(Stored entries)
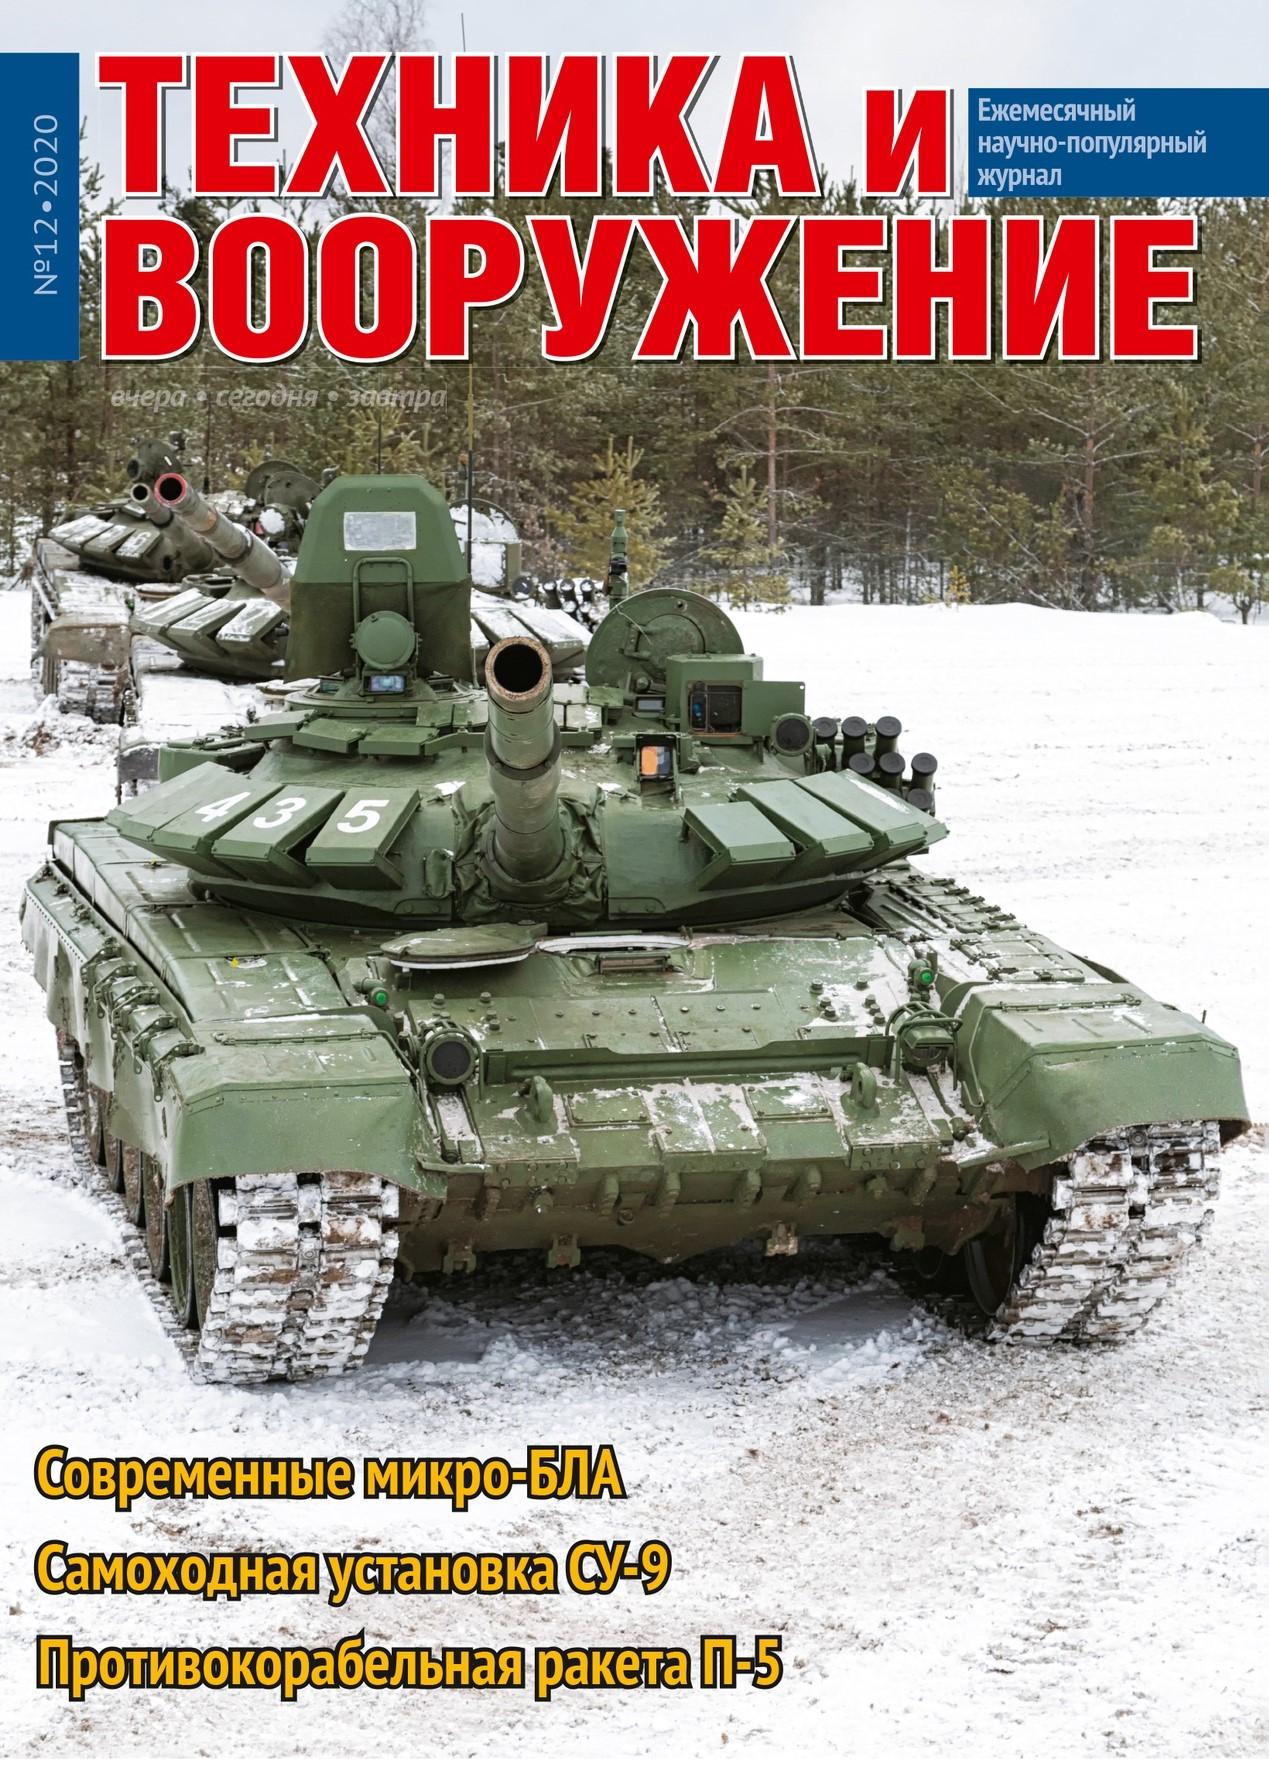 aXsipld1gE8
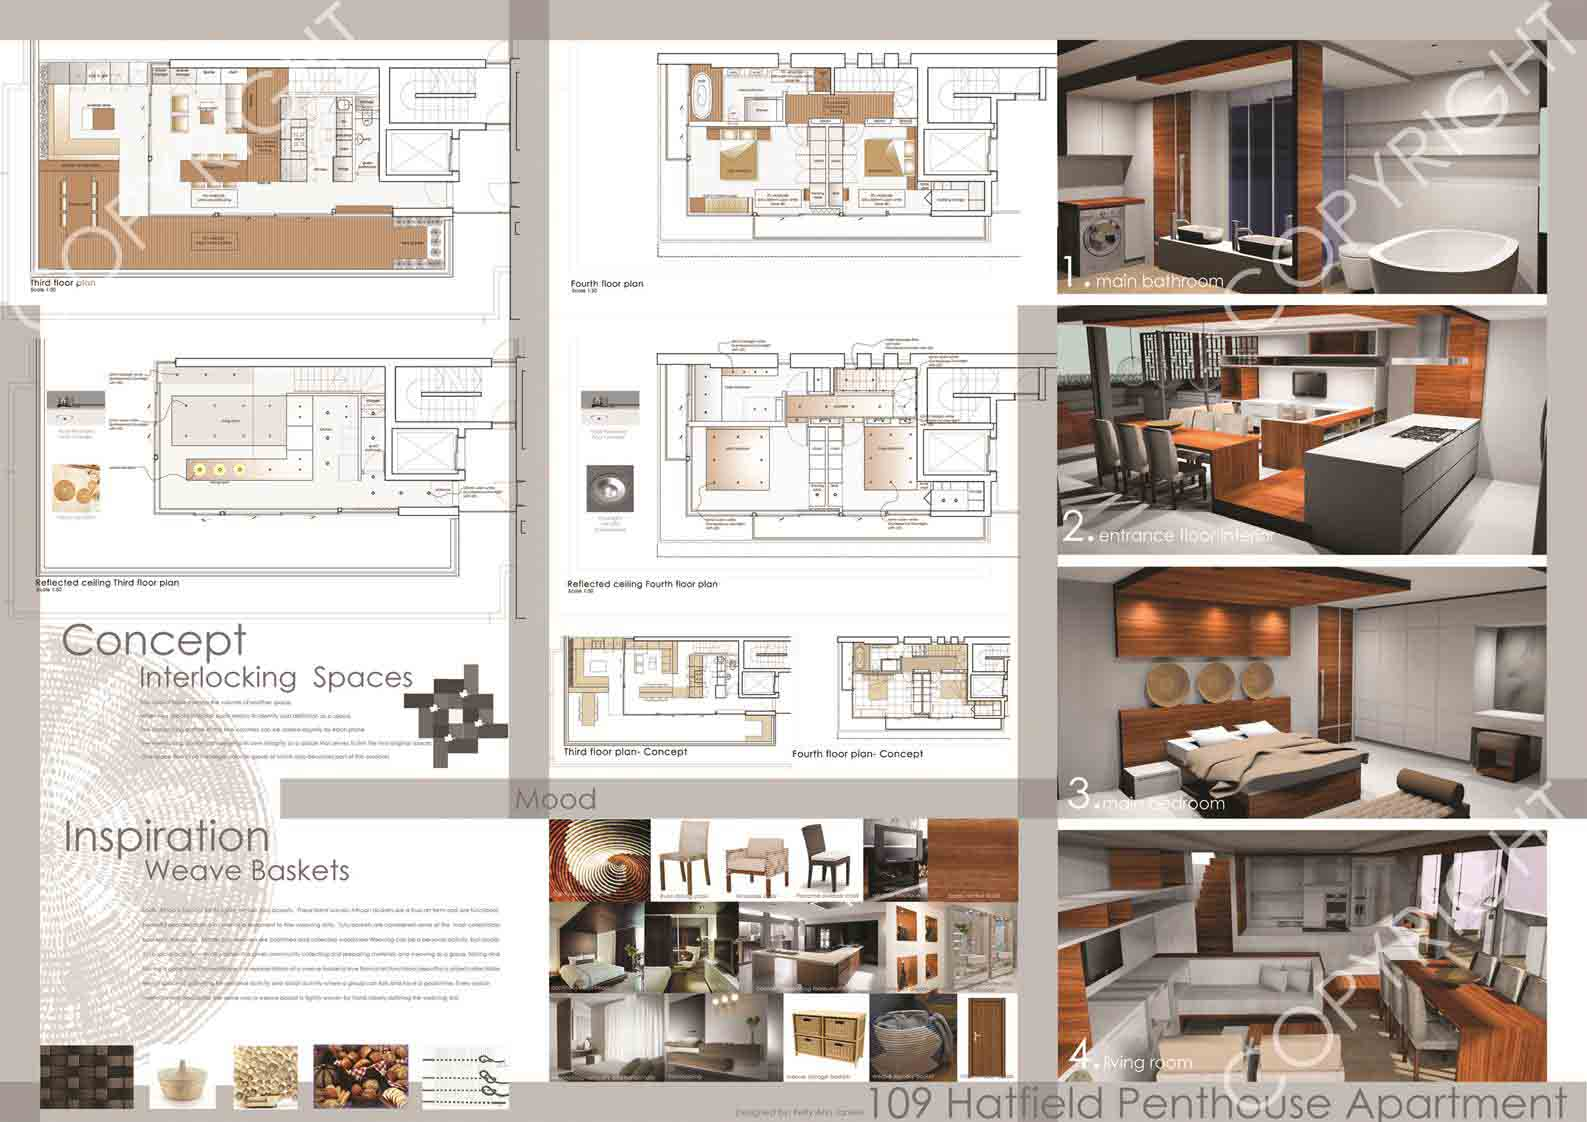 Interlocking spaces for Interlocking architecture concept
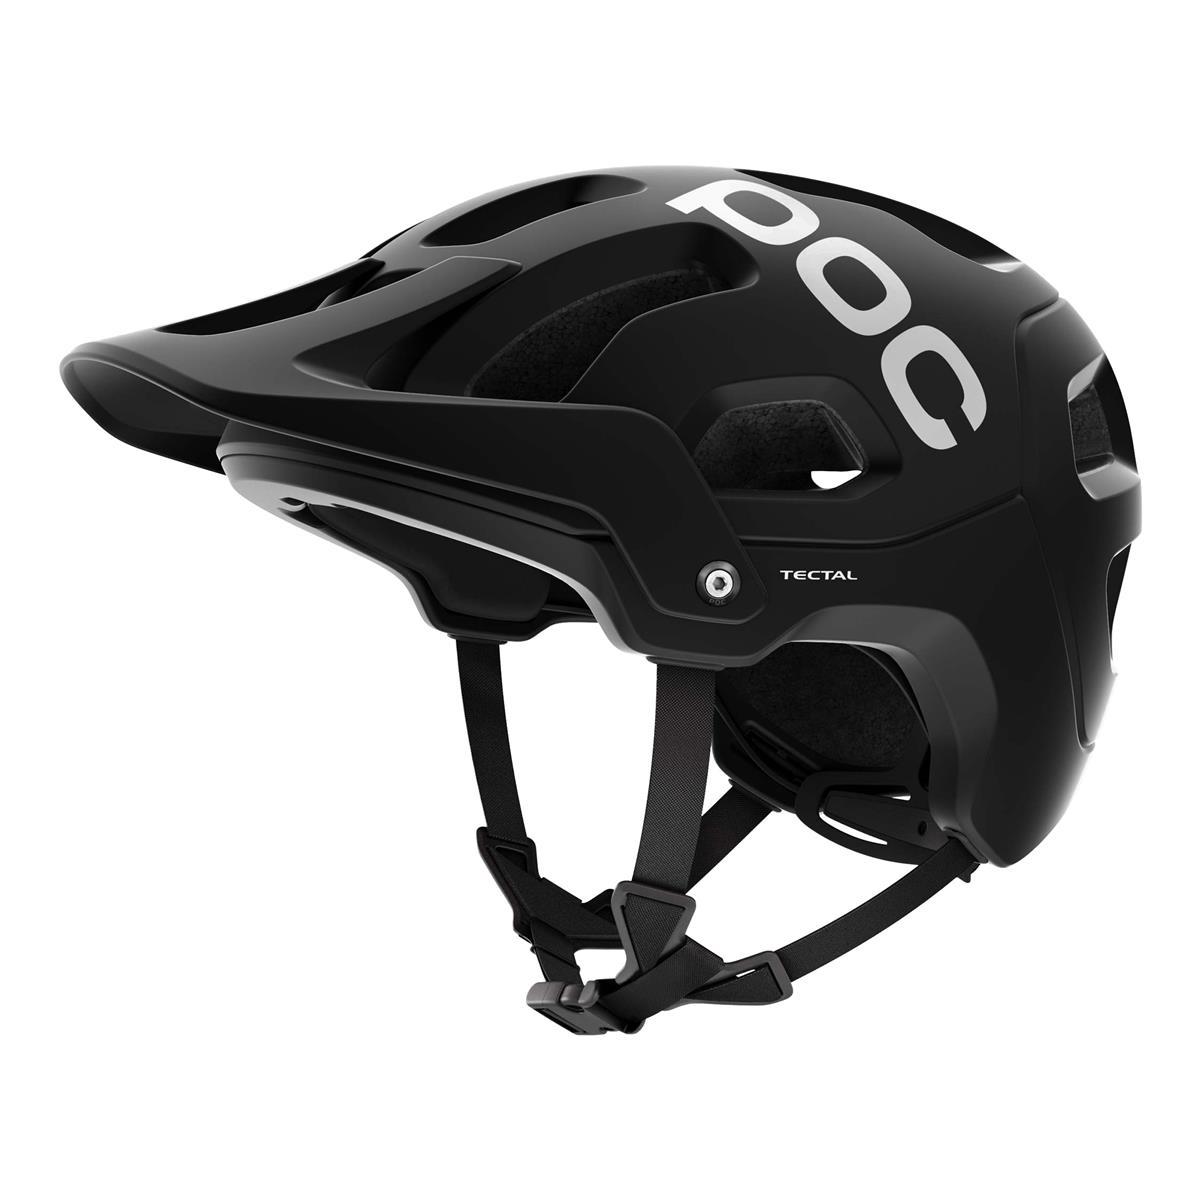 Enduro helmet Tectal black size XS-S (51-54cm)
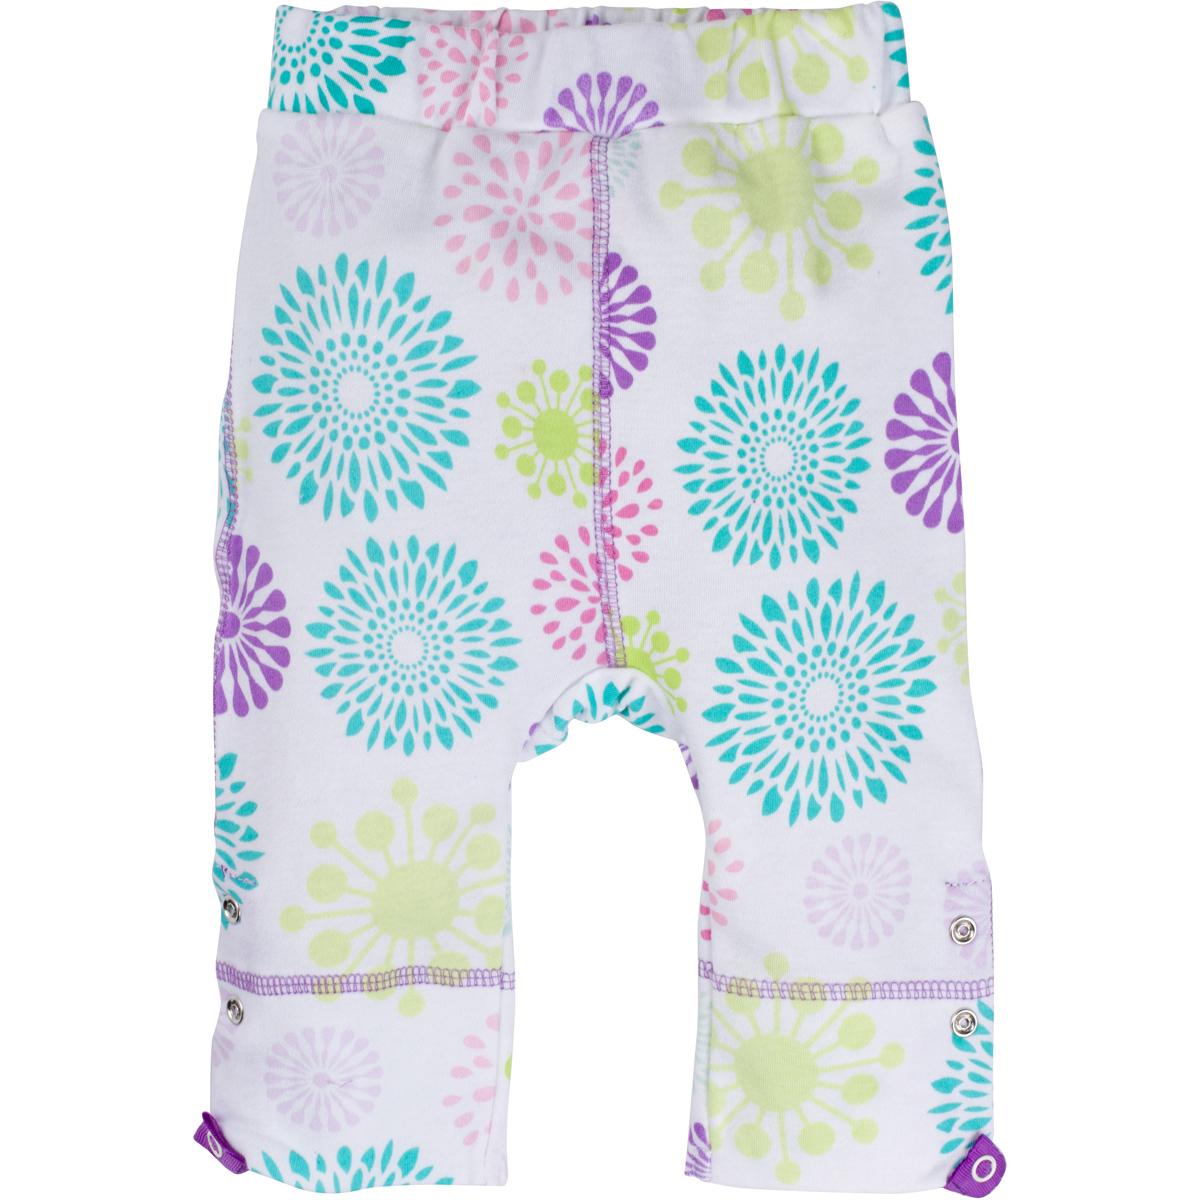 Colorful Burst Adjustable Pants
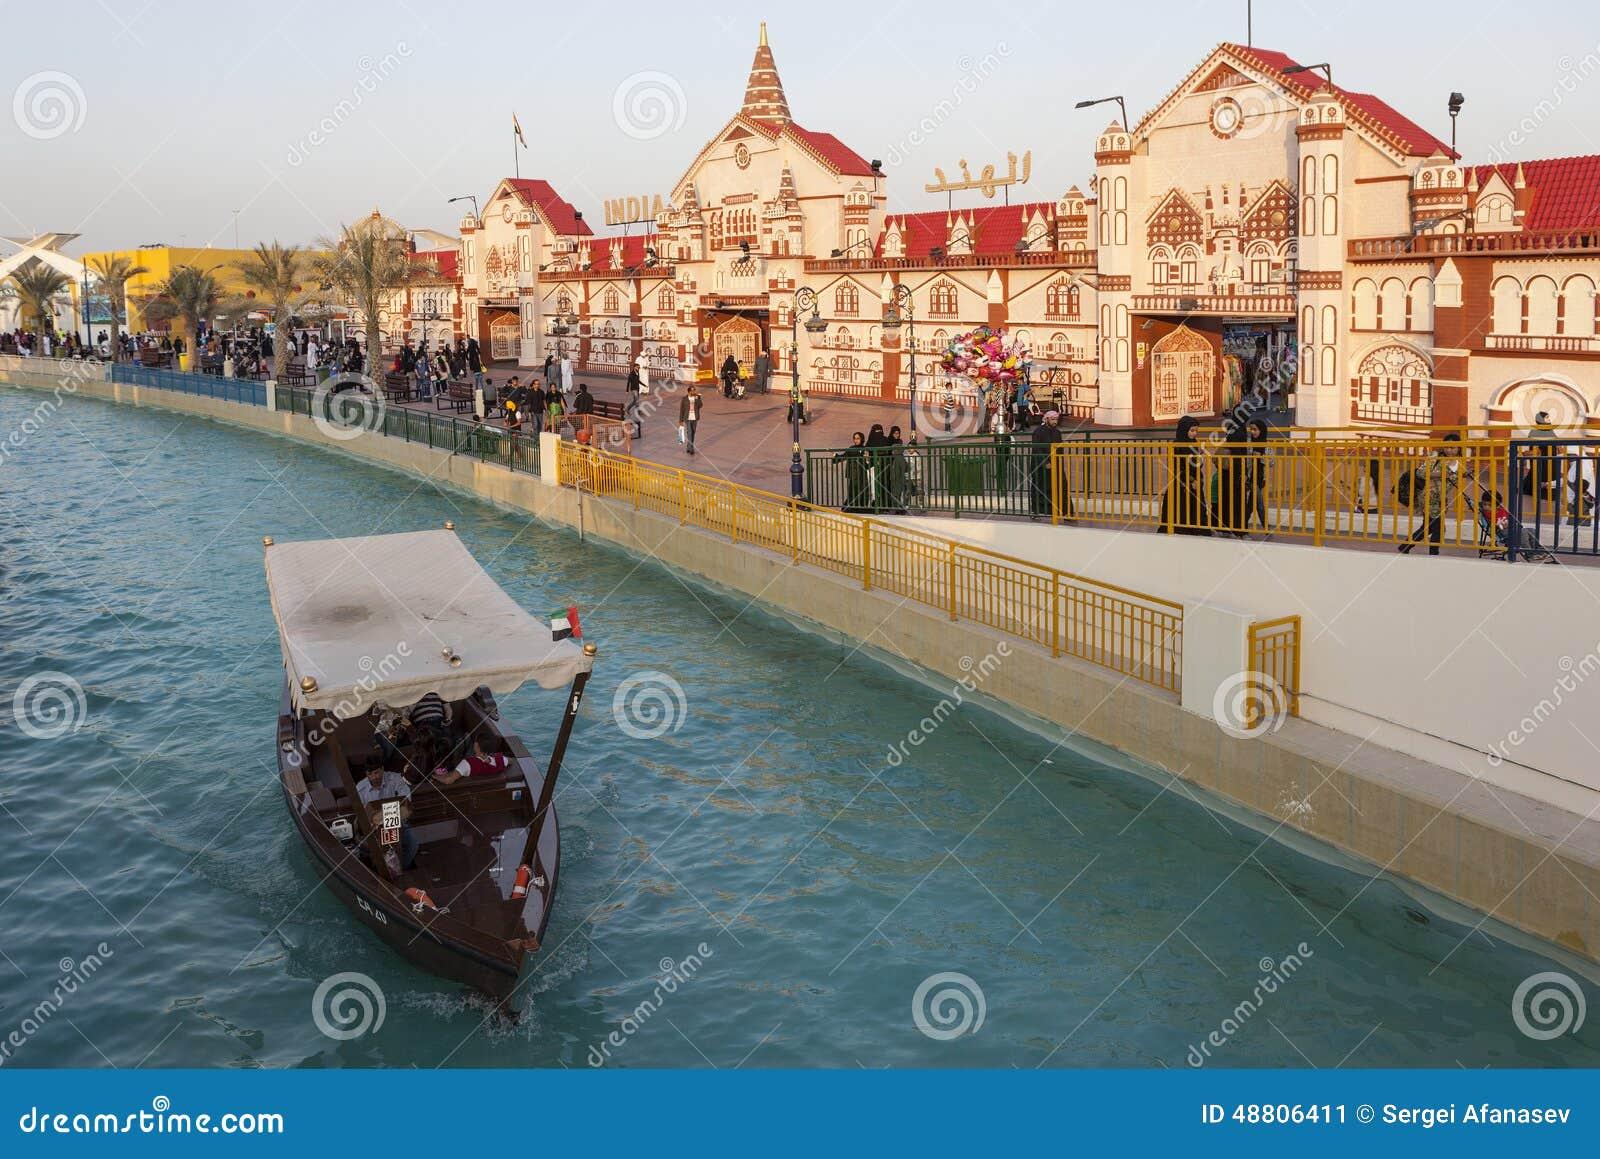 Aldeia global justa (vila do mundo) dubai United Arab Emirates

→ **Task details**
Where a line contains "Colorful Burst Adjustable Pants", begin there and transcribe every line through the last one of the records above, exactly and with no pictures.

→ **Task output**
 Colorful Burst Adjustable Pants
 Aldeia global justa (vila do mundo) dubai United Arab Emirates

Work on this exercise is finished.